Website services and more – if you’re thinking of maintaining a website or service and something goes wrong, there’s a lot of noise at night, and someone has to wake up to answer what’s happened. We will still have people on call 24/7, unless the service goes down. But it was a very disgusting job because you woke up many times for these little incidents. And now we’ve developed genetic systems to better detect and often reduce the number of problems that come up on living sites so that people don’t have to wake up in the middle of the night and go to their last place and try to find out what’s going on. And this also helps us to significantly reduce the time it takes to solve a problem.
One of the surprises at this time is that the deployment of agents has not happened as quickly as we expected even six months ago. I want to know why you think that.
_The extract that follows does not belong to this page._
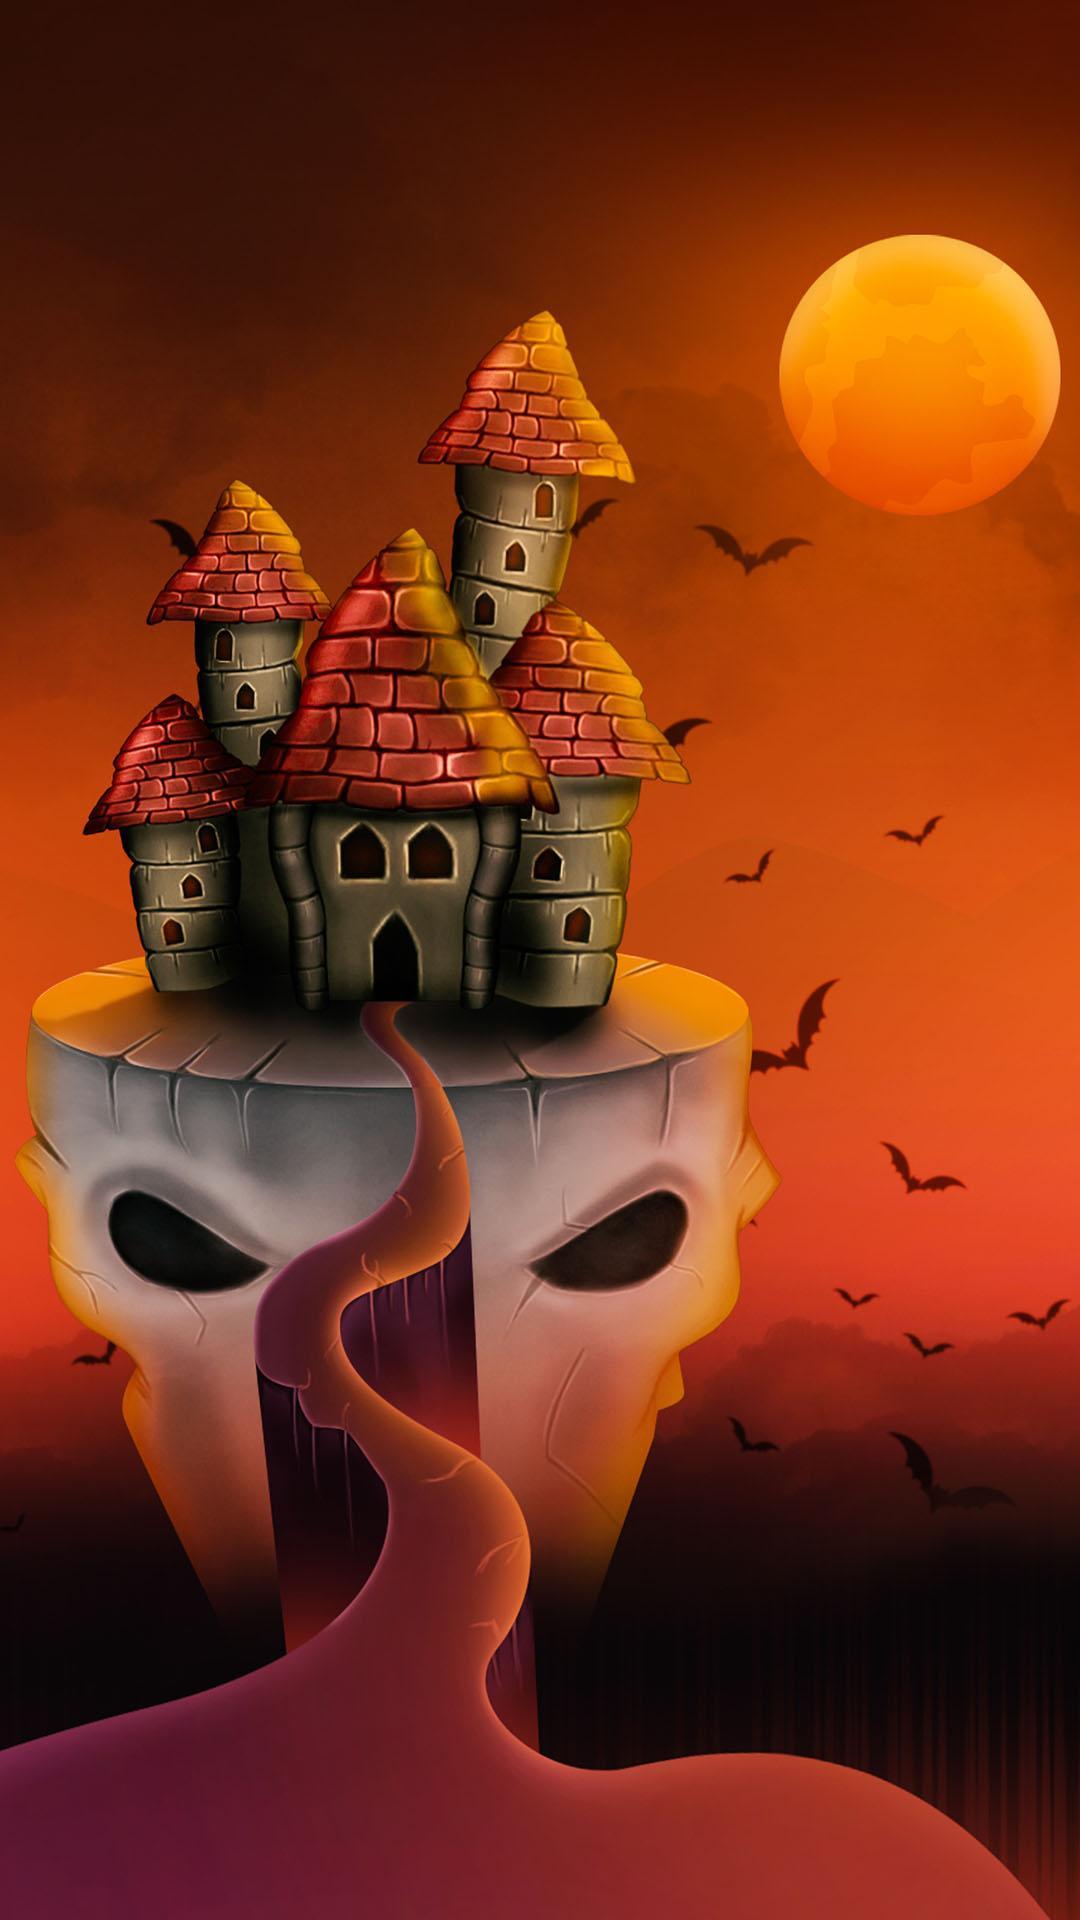 Halloween Wallpaper 4k Ultra Hd For Android Apk Download - wallpaper roblox halloween background

If you think about people who are real estate agents, what keeps them from being successful, often, comes down to not really knowing what the goal of the agent should be. There is a cultural change that needs to happen in how people create these behaviors. What business problem are they trying to solve? What are they trying to achieve? You need to have a clear vision of what this agent’s success means. And you have to think, what data am I giving to the agent so that they can figure out how to complete the task?
We see those things as major stumbling blocks, more than the usual uncertainty of allowing agents to be deployed. Anyone who goes to look at these systems will see a return on investment.
You mention general uncertainty, which I think sounds like a big barrier from the outside. Why do you see it as less of a problem to do?
First, I think it will become more common for agent systems to have human-in-the-loop activities. Consider something like a package restore. If you had a return workflow that was only 90% and 10% human intervention, where someone would have to go look at the package and make a decision about how the package was damaged before deciding to accept the return.
This is a great example of how the computer interface is getting so good that most of the time, we don’t need to monitor the traffic and make sure. There will still be some borderline situations, where maybe computer vision isn’t good enough to make a phone call, and maybe there’s a hike. It’s like, how many times do you have to call the manager?
There are some things that always need to be supervised by people, because they are very difficult tasks. Consider being responsible for contractual obligations, or entering code into the codebase that may affect the reliability of your system. But even so, there is the question of how far we can go in making this whole process.